Methodologies and Findings

For objective evaluation, the paper discusses results obtained from a range of performance metrics. Notably, a clear discrepancy is observed among these metrics when ranking the speech enhancement systems, which underscores the contrast between traditional intrusive metrics like Signal-to-Distortion Ratio (SDR) and nonintrusive metrics like DNSMOS and TorchAudio-Squim. The authors found that while the nonintrusive measures may present generalization issues, intrusive metrics on a synthetic dataset closely mirroring in-domain data—a dataset they call reverberant LibriCHiME-5—provided consistent and reliable rankings.

Subjective evaluation was conducted using ITU-T P.835 methodology, which consists of listening tests designed to capture human perception of speech quality in the presence of background noise. Participants rated the quality of speech, and noise intrusiveness, and provided an overall quality rating for each system. This subjective evaluation yielded insightful results, particularly that only one of the evaluated systems managed to improve overall speech quality over the unprocessed noisy speech, despite all systems effectively reducing background noise.
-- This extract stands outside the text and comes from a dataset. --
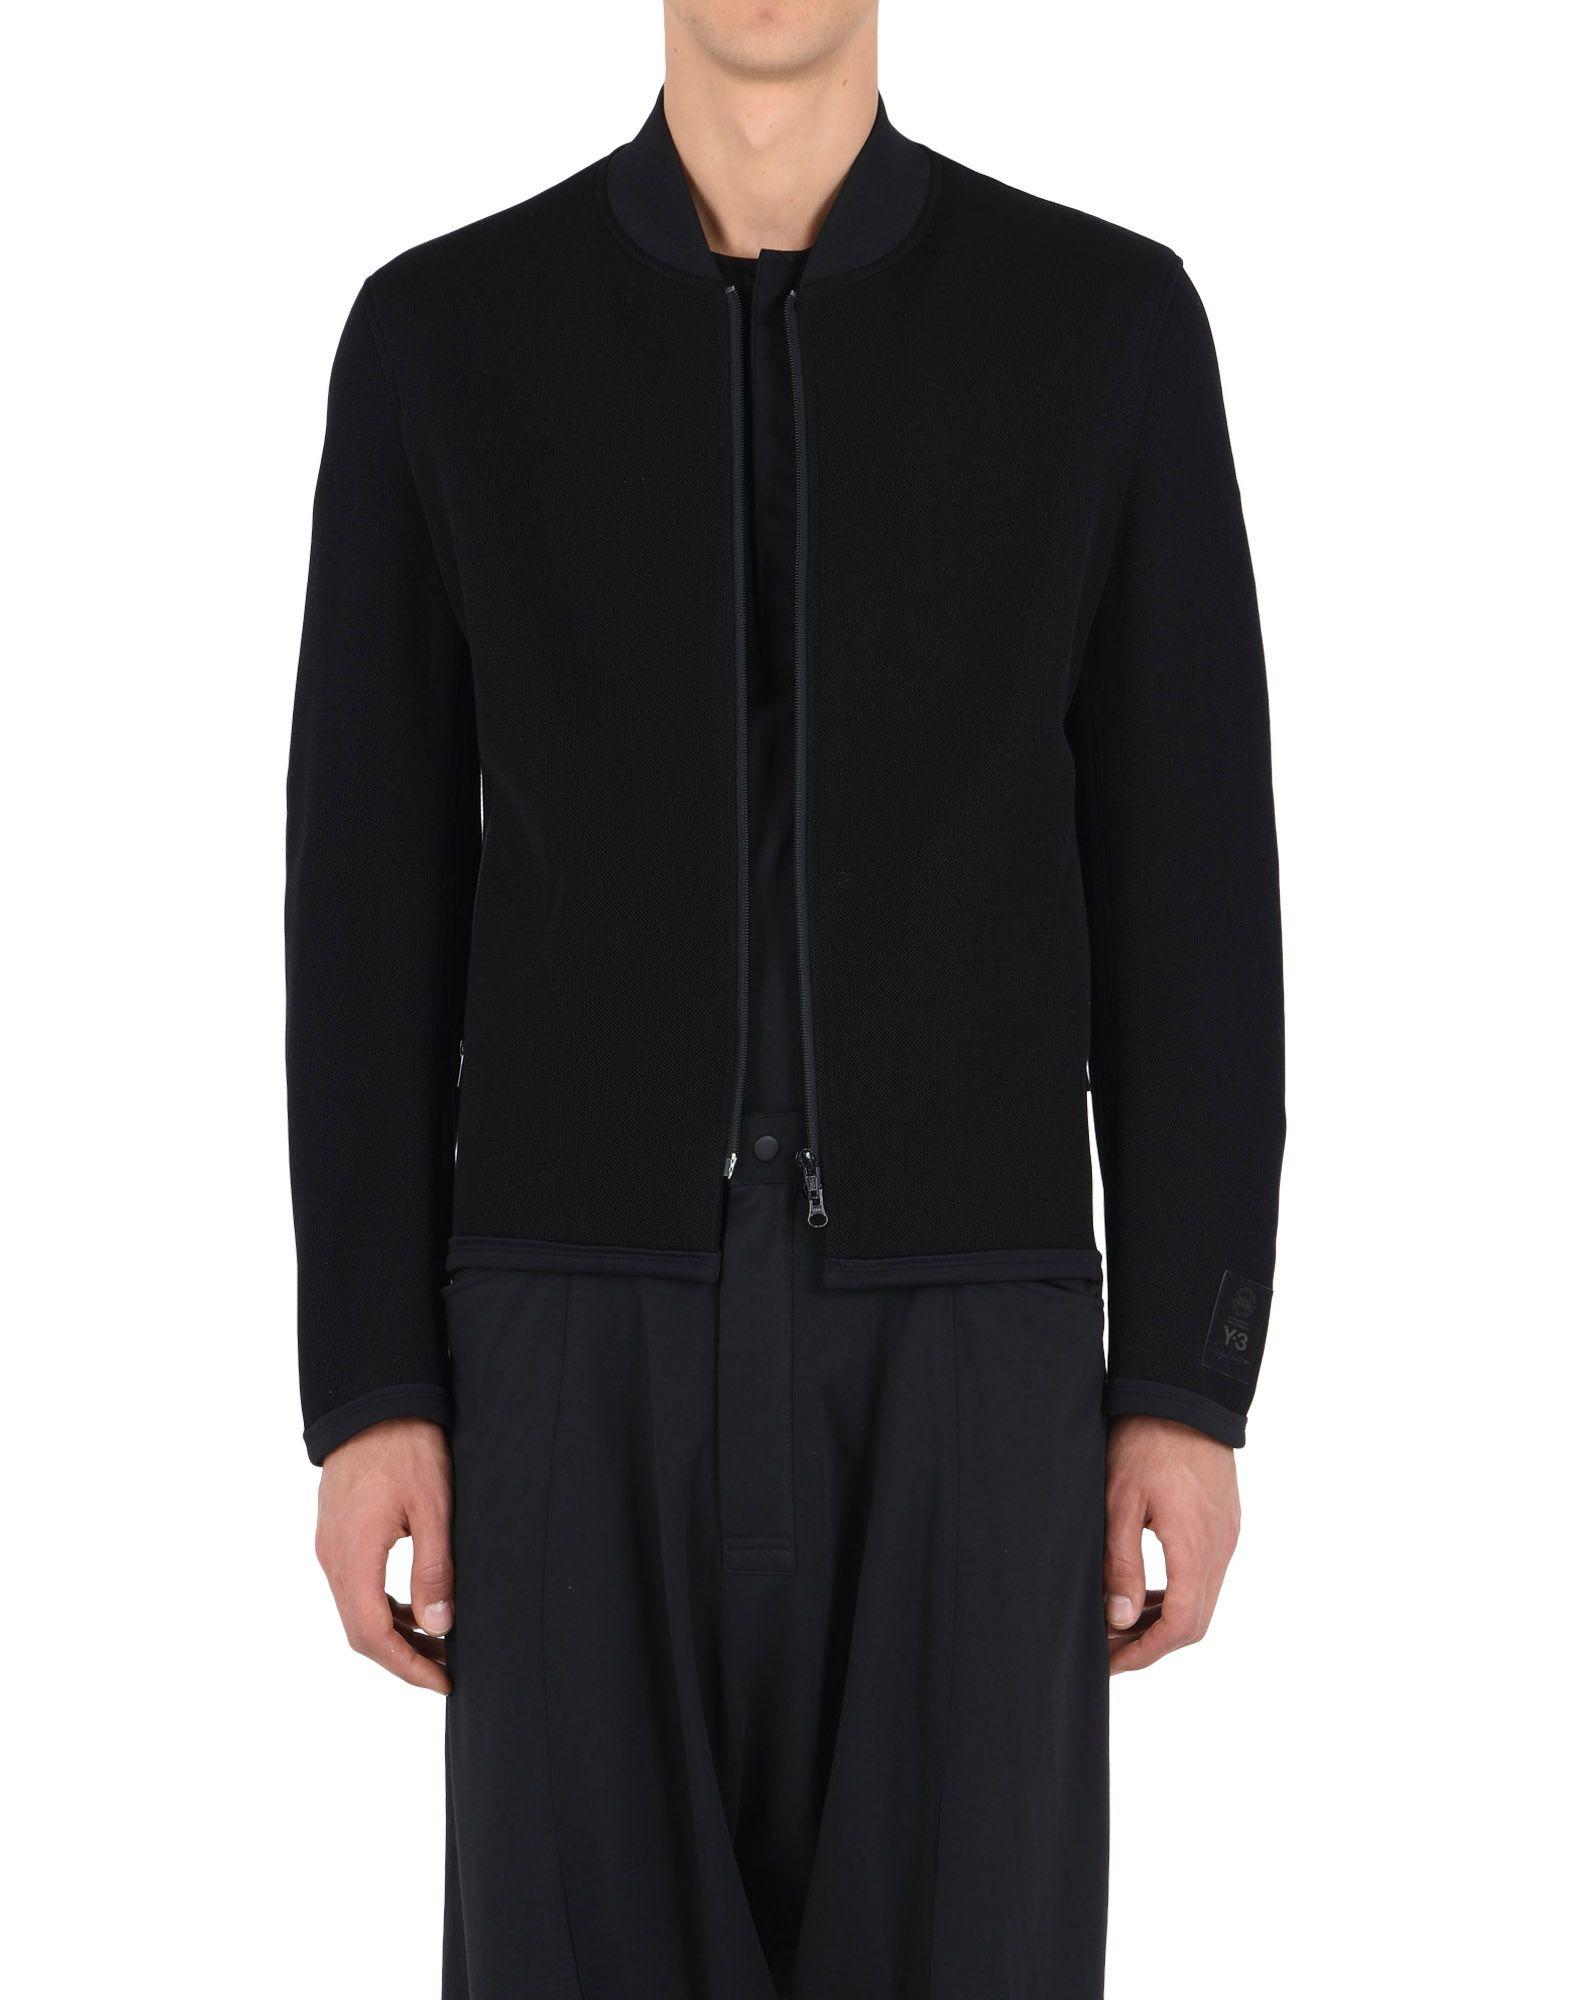 Y 3 MESH 3 STRIPES JACKET Jacken | Adidas Y 3 Offizielle
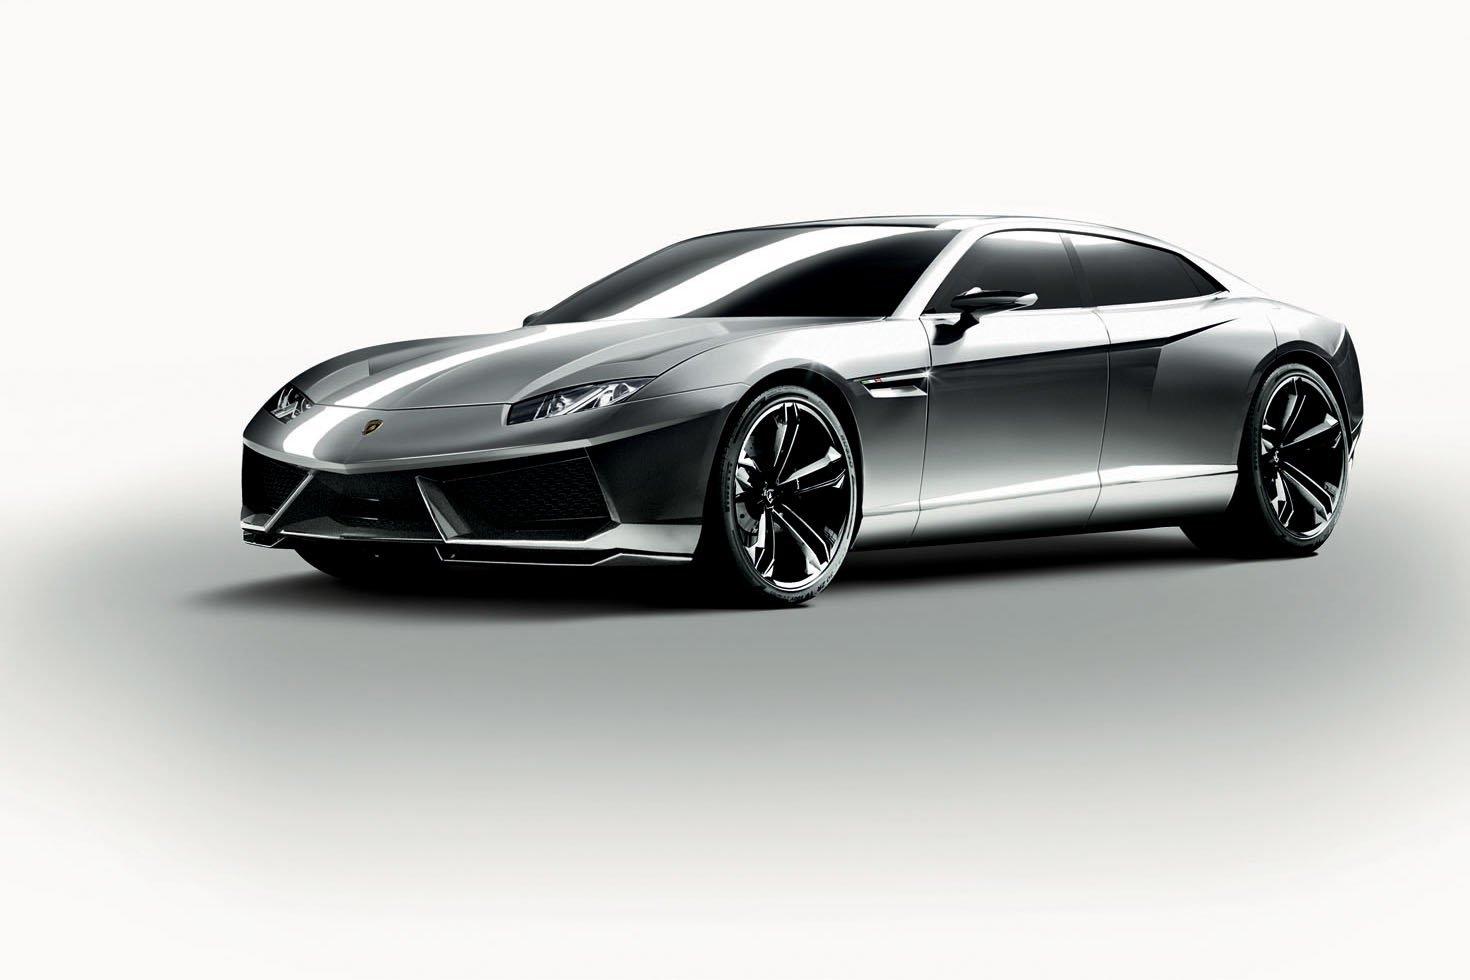 推出2 + 2 GT旅行版兰博基尼 分争市场

Correlation Between Objective and Subjective Metrics

The paper inspects the correlation between objective metrics and subjective listening test results, finding that the majority of nonintrusive objective metrics poorly correlated with subjective opinions. However, the DNSMOS background noise intrusiveness metric showed a strong correlation with the equivalent subjective assessment, suggesting it's a reliable measure in certain aspects.

Conclusion

Concluding the study, the authors highlight that while reverberant LibriCHiME-5 can approximate in-domain performance with traditional intrusive metrics, the full potential of unsupervised domain adaptation for speech enhancement, without clean speech labels, remains a challenging task. This substantial analysis shared with the community serves as a valuable resource for future research in speech enhancement and domain adaptation techniques.

The study's dataset and the JavaScript experimental platform developed for the listening tests are made publicly available, encouraging replication and further research, and emphasizing the collaborative ethos in advancing the field of speech enhancement.